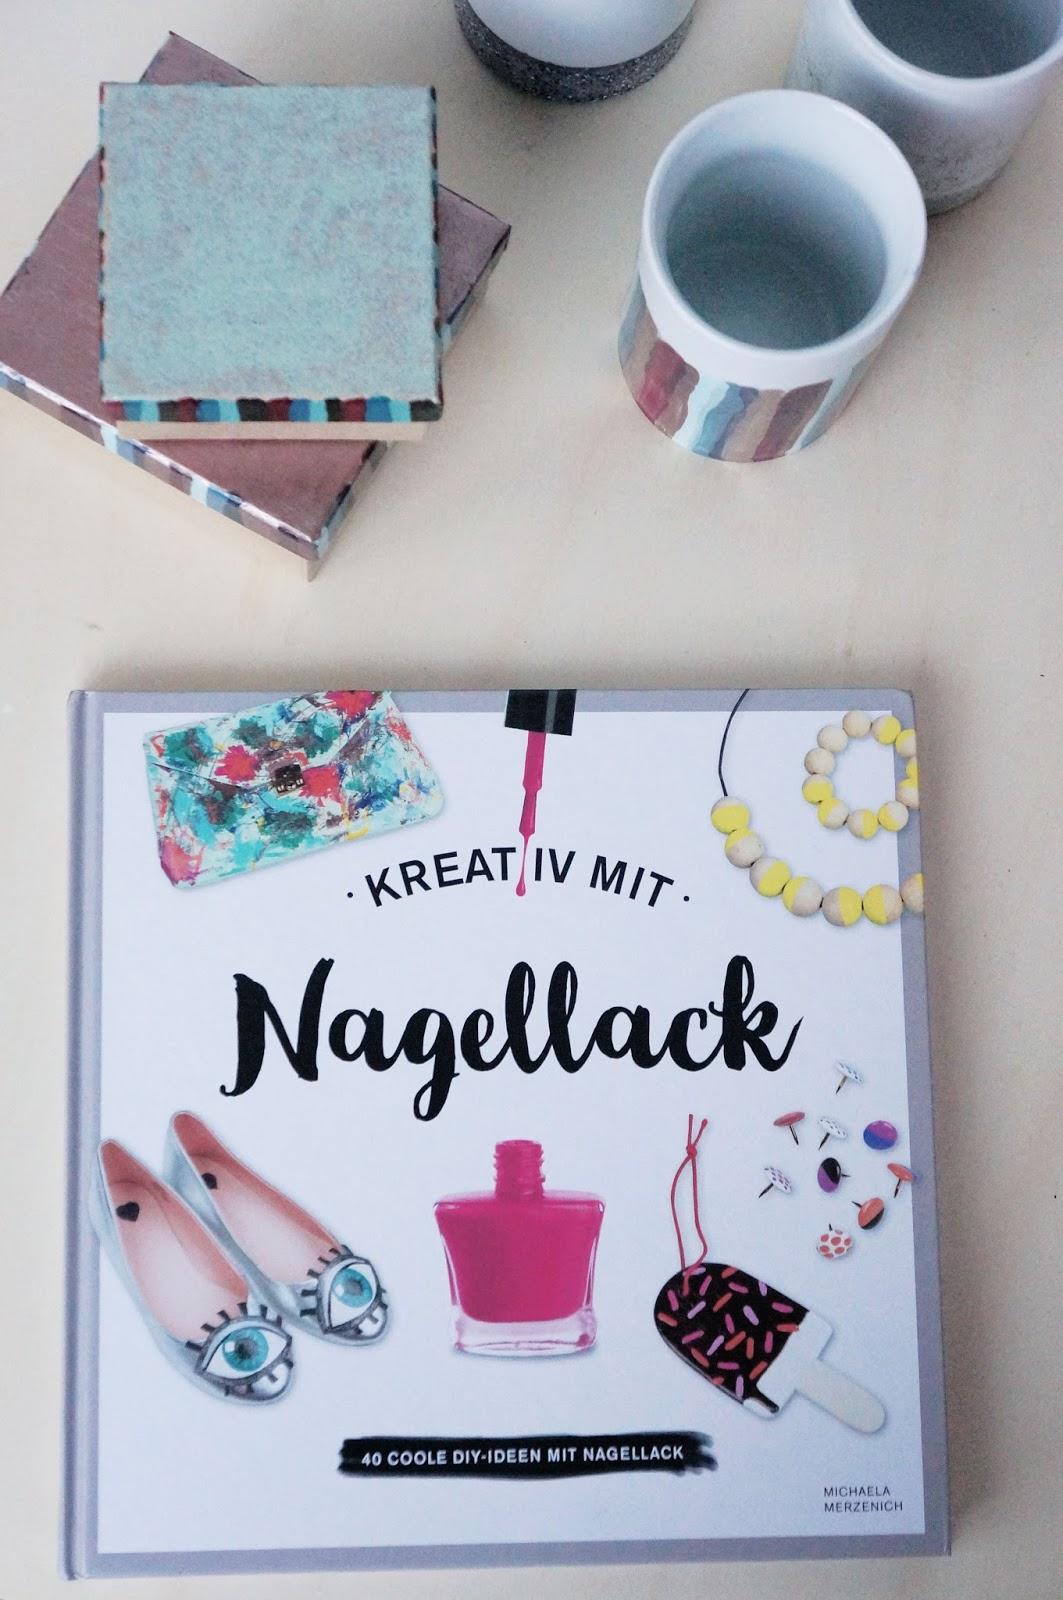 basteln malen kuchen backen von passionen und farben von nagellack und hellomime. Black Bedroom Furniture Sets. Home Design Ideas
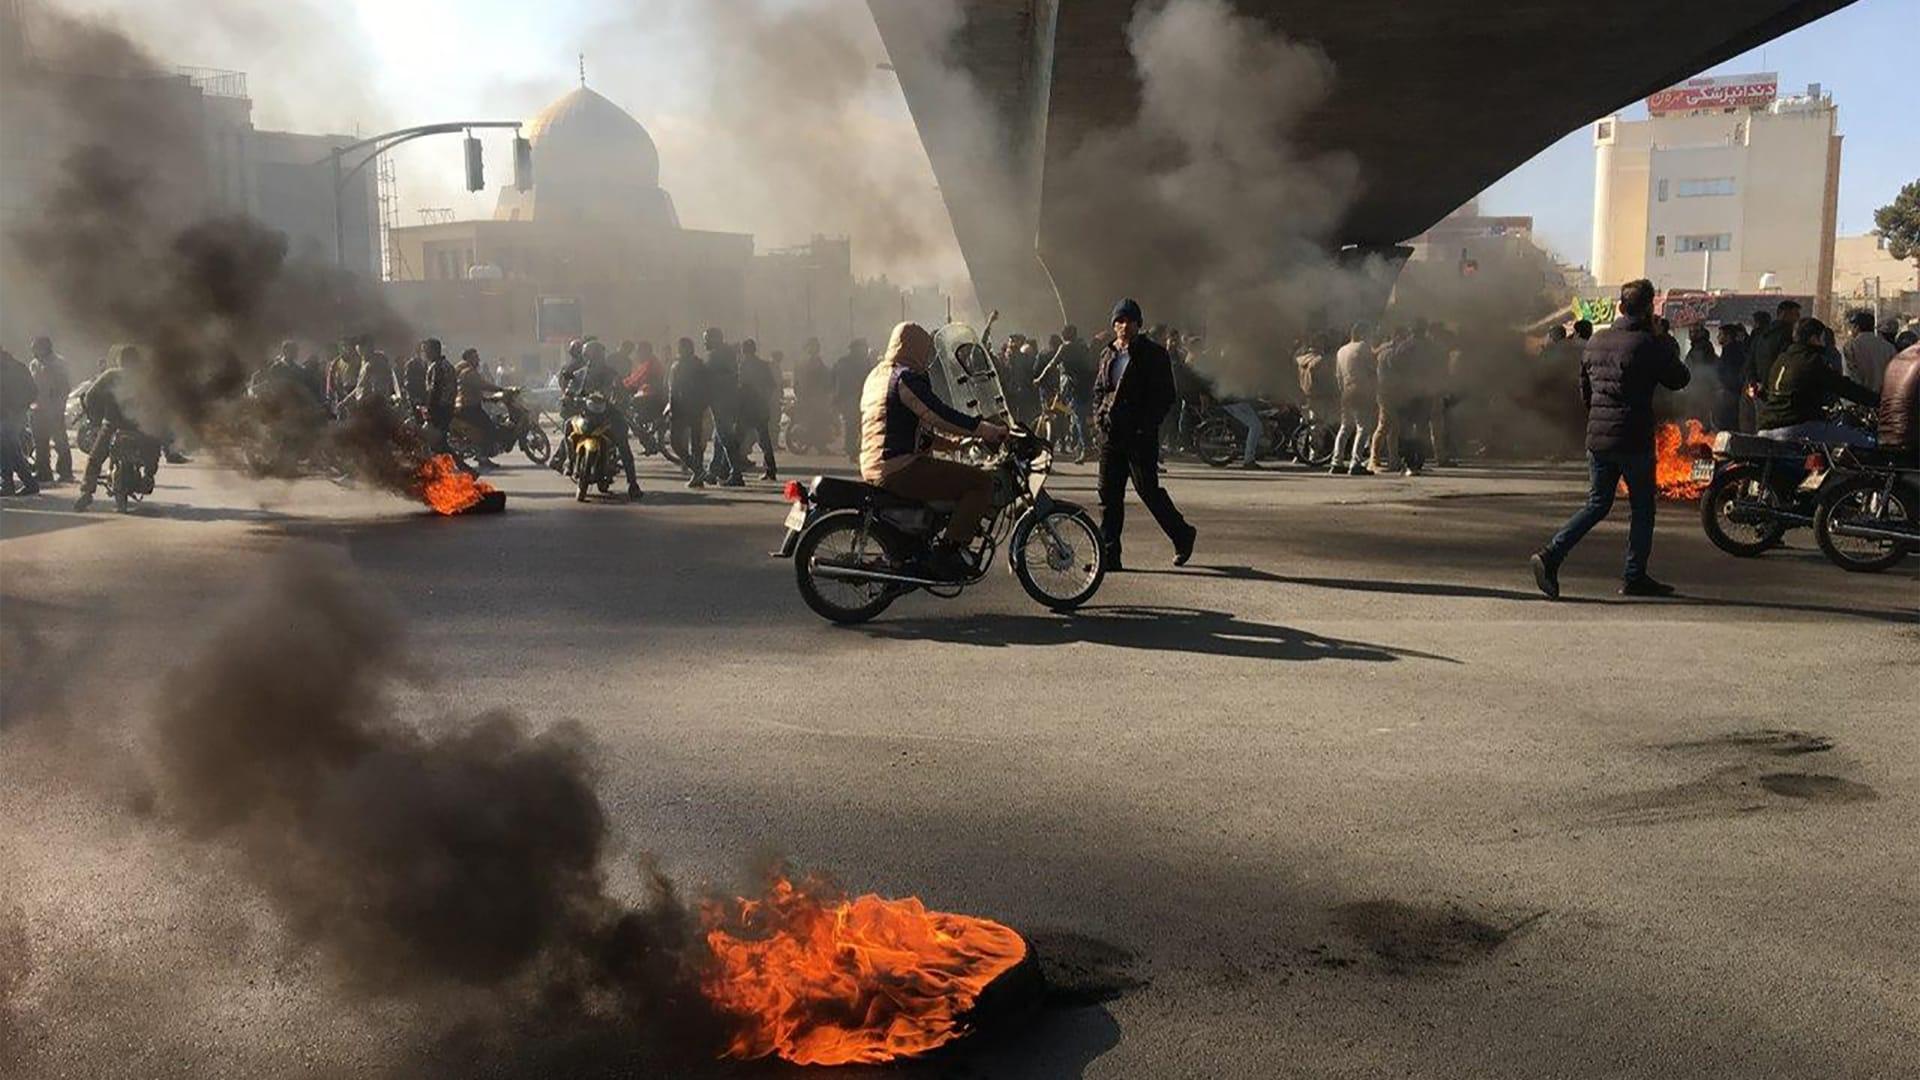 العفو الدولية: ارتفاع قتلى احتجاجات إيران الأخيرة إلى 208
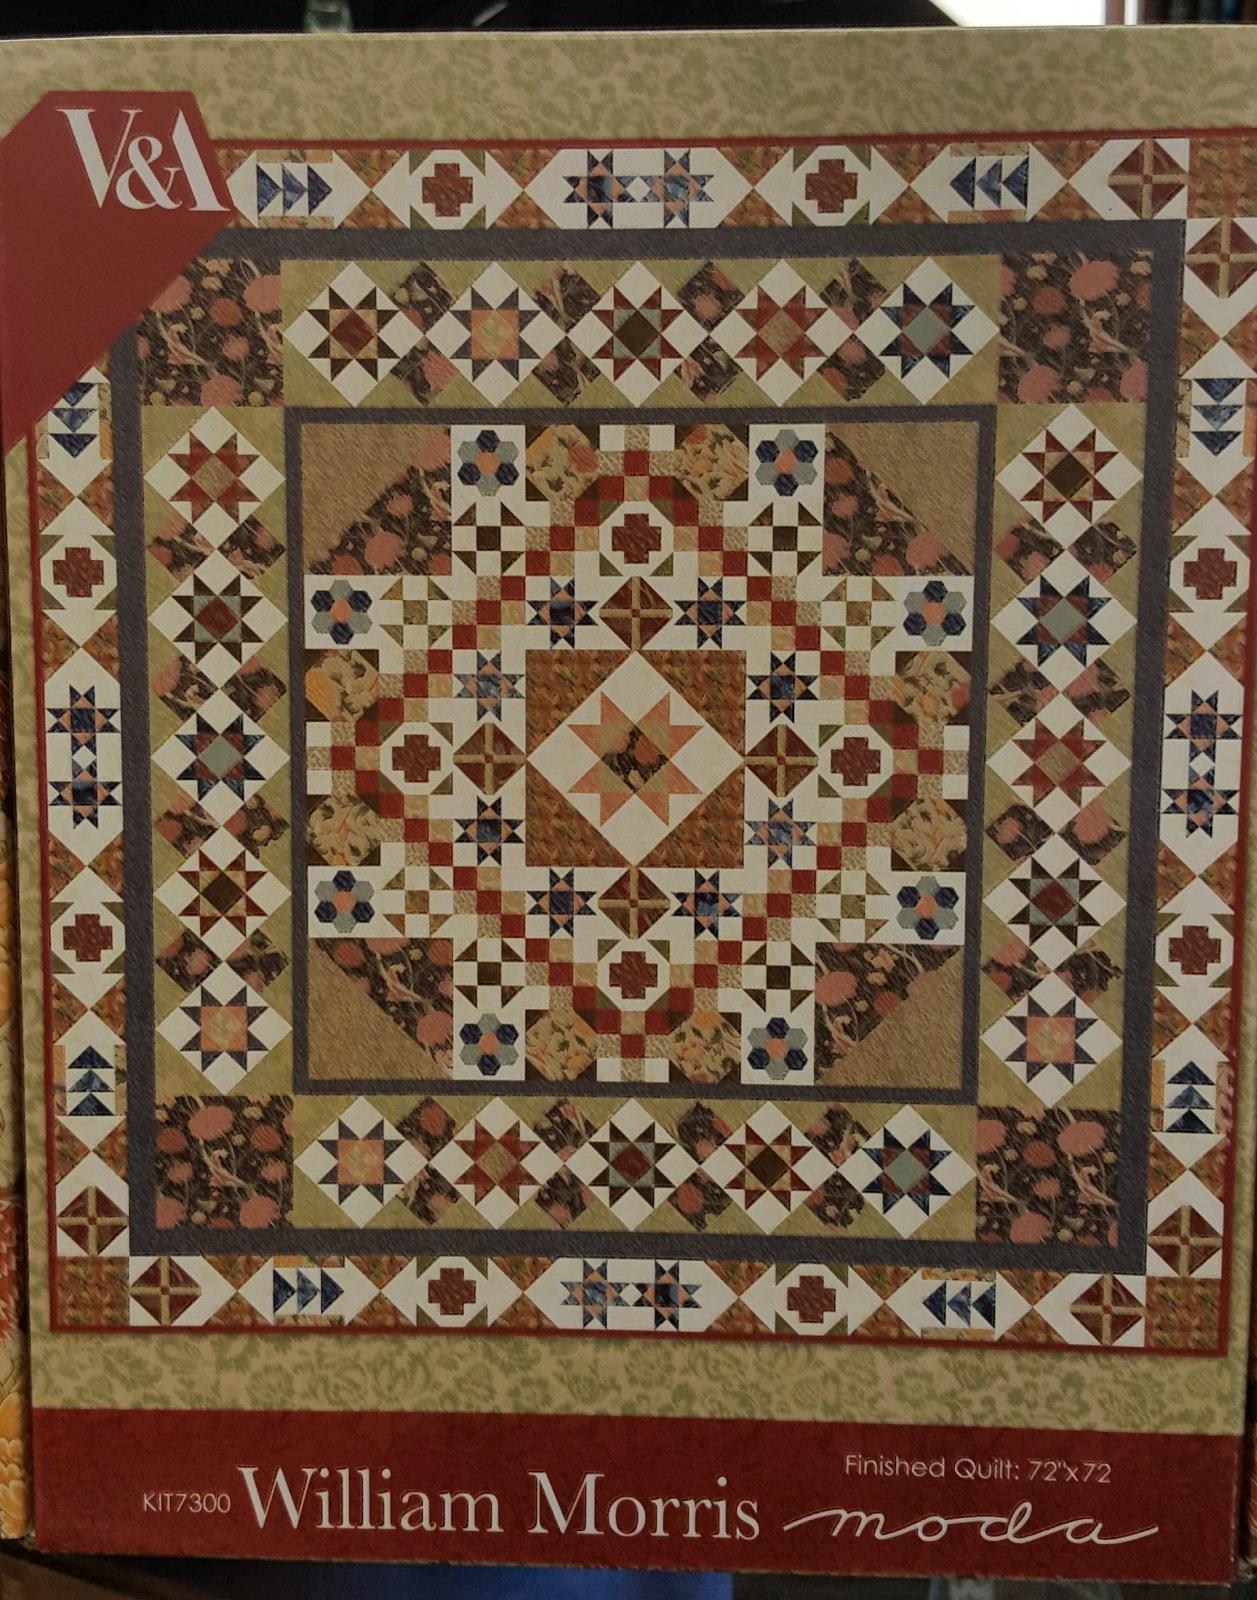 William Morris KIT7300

──────

Exercise objective> Apart from its pictures, the data is to be repeated exactly.

Answer below>
 basteln malen kuchen backen von passionen und farben von nagellack und hellomime. Black Bedroom Furniture Sets. Home Design Ideas
 العفو الدولية: ارتفاع قتلى احتجاجات إيران الأخيرة إلى 208
 William Morris KIT7300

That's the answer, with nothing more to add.